Я не знала, что нашло на меня прошлой ночью.

Это не совсем было правдой, то что я делала.

Я напилась, и мои границы исчезли.

Говорят же, что у пьяного на языке, то у трезвого на уме, это дало мне еще один повод провести день в беспокойстве и злясь на себя. И прошлой ночью, в первый раз, я наслаждалась своим временем с ним перед кормлением, не говоря уже о самом кормлении, которое было, этого отрицать невозможно, невероятным.

К тому времени, как выпила свой последний мартини, я внимательно слушала Эдвину и Стефани, которые рассказывали о Люсьене, какой он великий человек, какой щедрый со своими наложницами до и после соглашения. Понятно, что он не только заботился о них, а периодически виделся с большинством из них, даже с теми, кто сейчас был уже в возрасте, немощные.

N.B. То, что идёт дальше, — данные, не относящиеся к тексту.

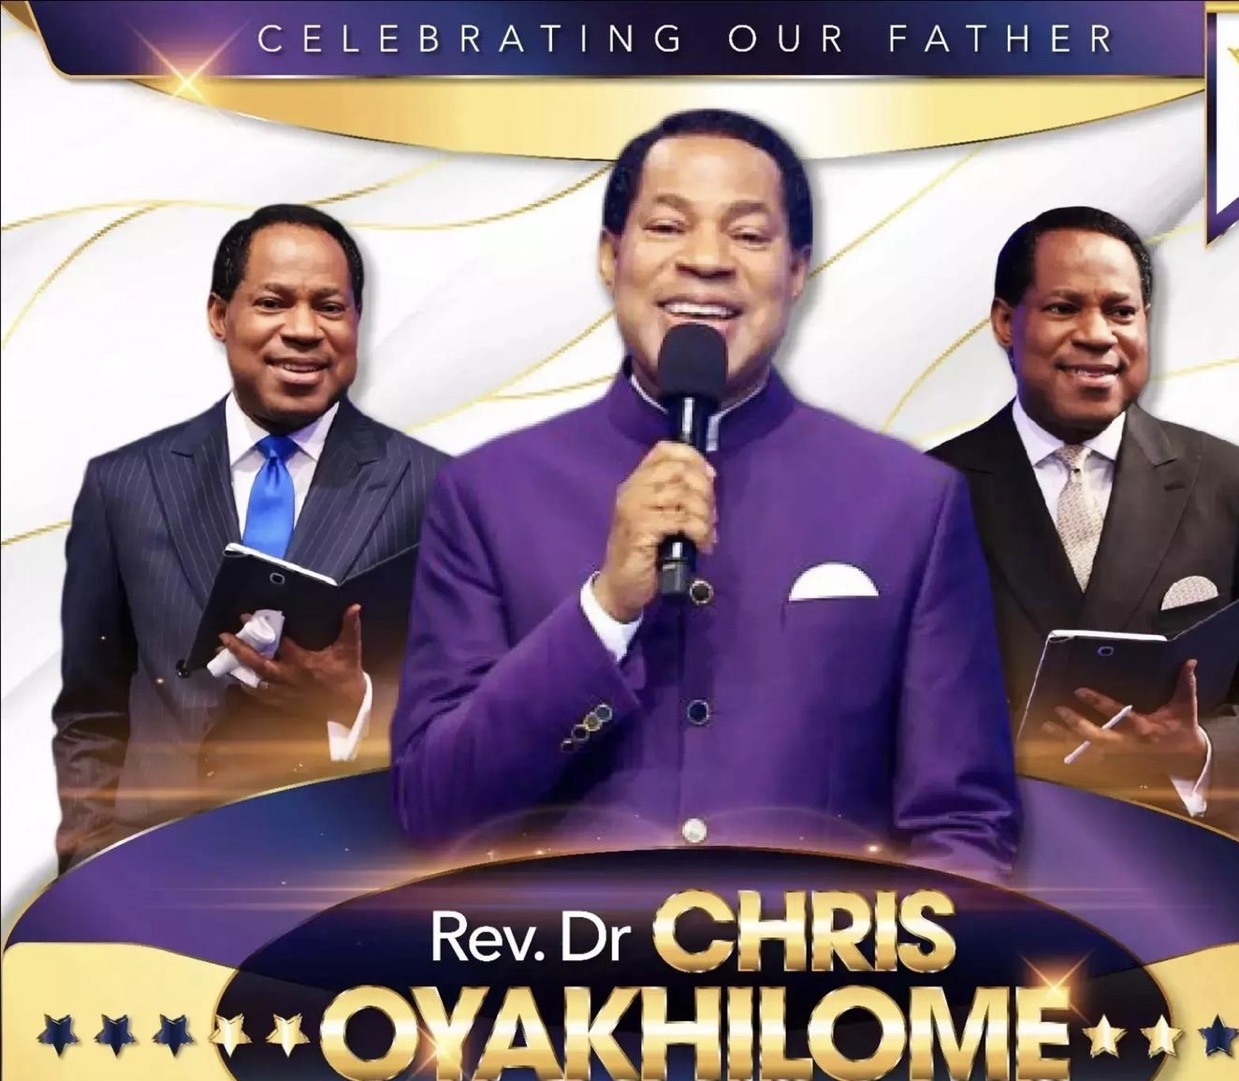 Happy Birthday dear Pastor Chris

И в этот момент доказательства его колоссальной щедрости были разбросаны вокруг по гостиной — одежда, сам дом и даже экономка.

Где-то во время показа мод я забыла про свое хранилище «Почему я ненавижу Люсьен Волта», вместо этого вспоминала о нем только хорошее. Как улыбка тронула его губы. Как закрылись его глаза, когда он понял, что я наблюдаю за ним, и мне понравилось то, что я увидела. Как он считал мои худшие черты характера забавными. Как он иногда мог быть нежным и терпеливым. И как он целовался.

Хорошие стороны, которые он проявил вернувшись домой, укрепили в моем пьяном сознании мысль, что я ошибалась на его счет.

Так было до тех пор, пока он не доказал мне мою правоту.

Его лицо отстранилось от меня, вырывая меня из моих мыслей.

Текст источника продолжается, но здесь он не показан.